A quand les créations d'emploi à la hauteur des besoins économiques,
sociaux et culturels d'un pays ? Or les investissements des pays
extérieurs soit se font rares soit se font au détriment des pays
d'accueil. Et les personnes formées vont monnayer leurs compétences
à l'étranger faute d'emploi et de rémunération à la hauteur de
leur qualification dans leur propre pays.
Enfin
les NTIC, qui devraient être un facteur de démocratisation de
l'enseignement, tendent à renforcer les inégalités entre les quelques
privilégiés qui y ont accès et tous les autres, favorisant la
fuite des cerveaux vers les pays riches.
Afin
d'assurer une éducation de qualité pour tous tout au long de la
vie, il faut un financement de l'éducation publique d'au moins
6 % du PIB, ce qui peut se réaliser :
-
par la
fin des plans d'ajustements structurels et de leurs substituts
-
par l'adoption
d'une taxe sur les transactions financières
-
par l'annulation
de la dette extérieure de nombreux pays, l'utilisation des fonds
dégagés pour l'éducation et le contrôle de l'usage de ces fonds
-
par une
augmentation de l'aide internationale au développement qui devrait
atteindre
0,7 % du PIB.
-
par l'élimination
progressive mais définitive du travail des enfants
Exigeons
aussi que les services d'éducation, de culture et de santé ne
soient pas traités comme des produits commercialisables (aujourd'hui
l'éducation représente un marché de mille milliards de dollars
!). En tant que services publics ils ne devraient pas être soumis
à la loi du marché mais devraient être encadrés par les Etats
qui assurent une fourniture juste de tels services pour tous :
disposer de ces services fait partie des droits humains essentiels
: il faut imposer une exclusion totale de l'éducation du cadre
d'application de l'AGCS.
Toutes
ces mesures permettraient de créer suffisamment d'écoles, de les
entretenir, de les fournir en matériel suffisant, de créer suffisamment
de postes d'enseignants et de personnel d'éducation qualifiés
et justement rémunérés, gage d'une éducation de qualité vraiment
formatrice. L'école doit aider à l'intégration tout en reconnaissant
la diversité culturelle, elle doit veiller à l'égalité entre garçons
et filles et doit être capable d'être en prise directe avec le
milieu, de façon à ce que les familles reconnaissent plus aisément
le besoin d 'école pour leurs enfants. Elle doit recevoir les
moyens de développer égalitairement l'accès aux NTIC.
Exigeons
des gouvernements qu'ils rédigent des plans d'action nationaux
à partir d'un processus vraiment participatif, représentatif et
transparent conformément aux promesses faites à Dakar, afin de
réussir l'EPT d'ici 2015.
Favorisons
partout des mouvements citoyens veillant à la mise en œuvre de
ces plans en collaboration avec toutes les initiatives prises
en ce sens, afin d'améliorer l'accessibilité aux différents niveaux
d'éducation, de réduction des inégalités et de financement équitable.
Luttons
contre une conception purement marchande de l'éducation telle
qu'elle est développée par la Banque Mondiale et l'Organisation
Mondiale du Commerce.
Nous,
syndicats d'enseignants et de personnels de l'éducation, ONG,
composantes de la société civile, profitons de ce rendez-vous
exceptionnel pour mettre en synergie nos forces et nos idées.
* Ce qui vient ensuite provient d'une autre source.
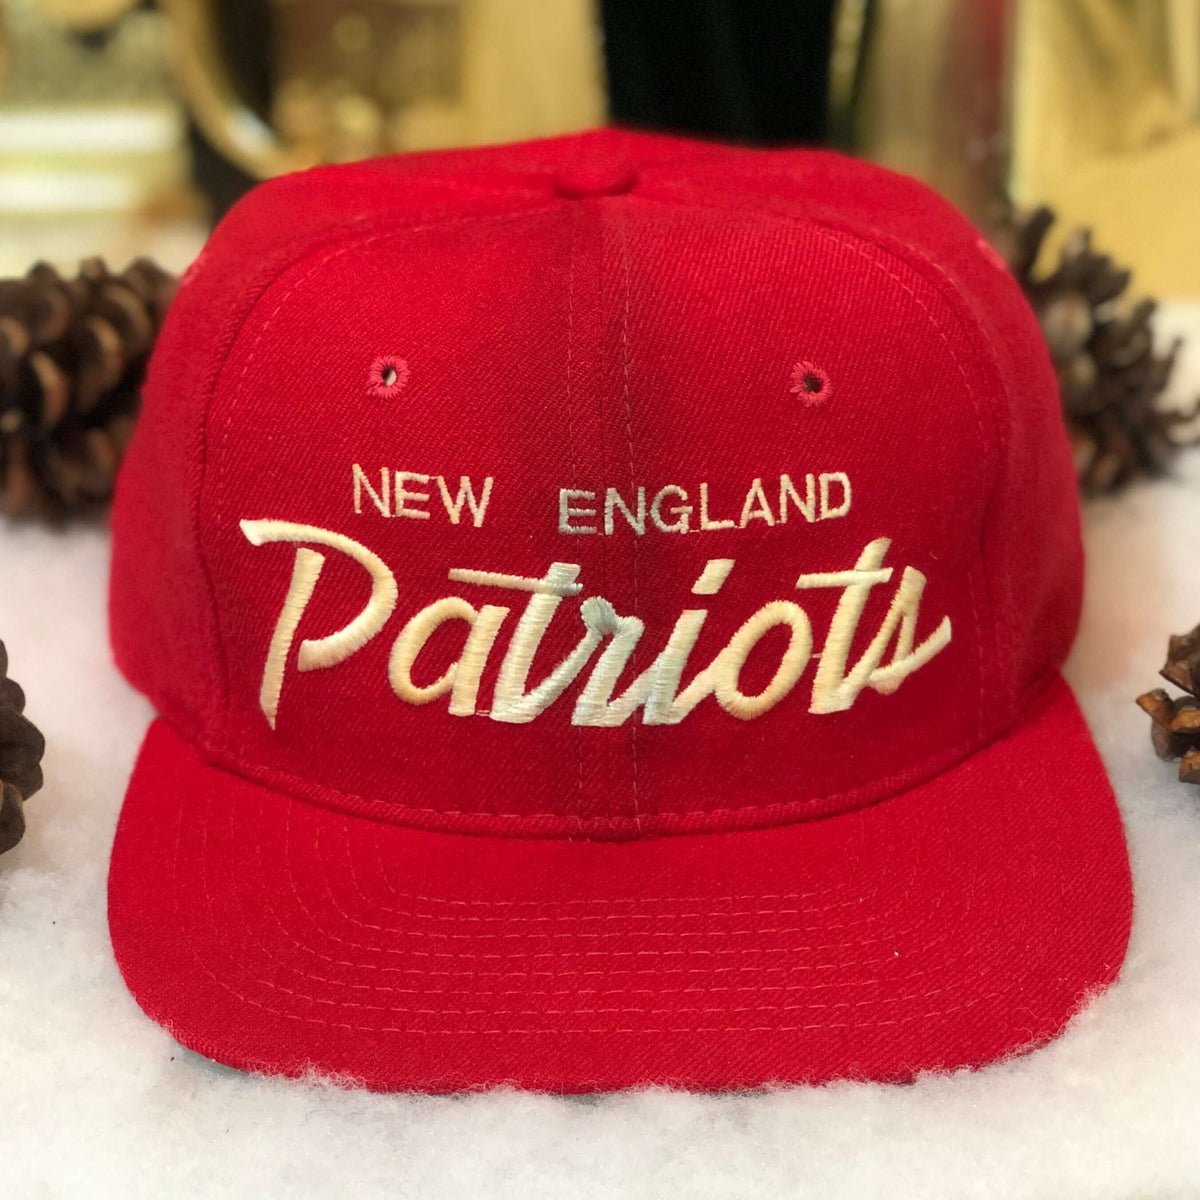 patriots script hat

Les gouvernements doivent élargir l'accès à l'éducation préscolaire
et aux services de la petite enfance, offrir une éducation de
base obligatoire d'au moins 9 ans. Il y a nécessité d'un enseignement
supérieur public gratuit et de qualité, et d'un secteur de recherche
au service du développement de la société. Trouvons des moyens
efficaces de mobiliser et d'agir pour faire pression sur les organismes
internationaux et sur les gouvernements, afin de faire passer
dans les faits, de concrétiser ce bel objectif qu'est le droit
à l'éducation pour tous, droit inaliénable comme tous les autres
droits énoncés dans la Déclaration de 1948.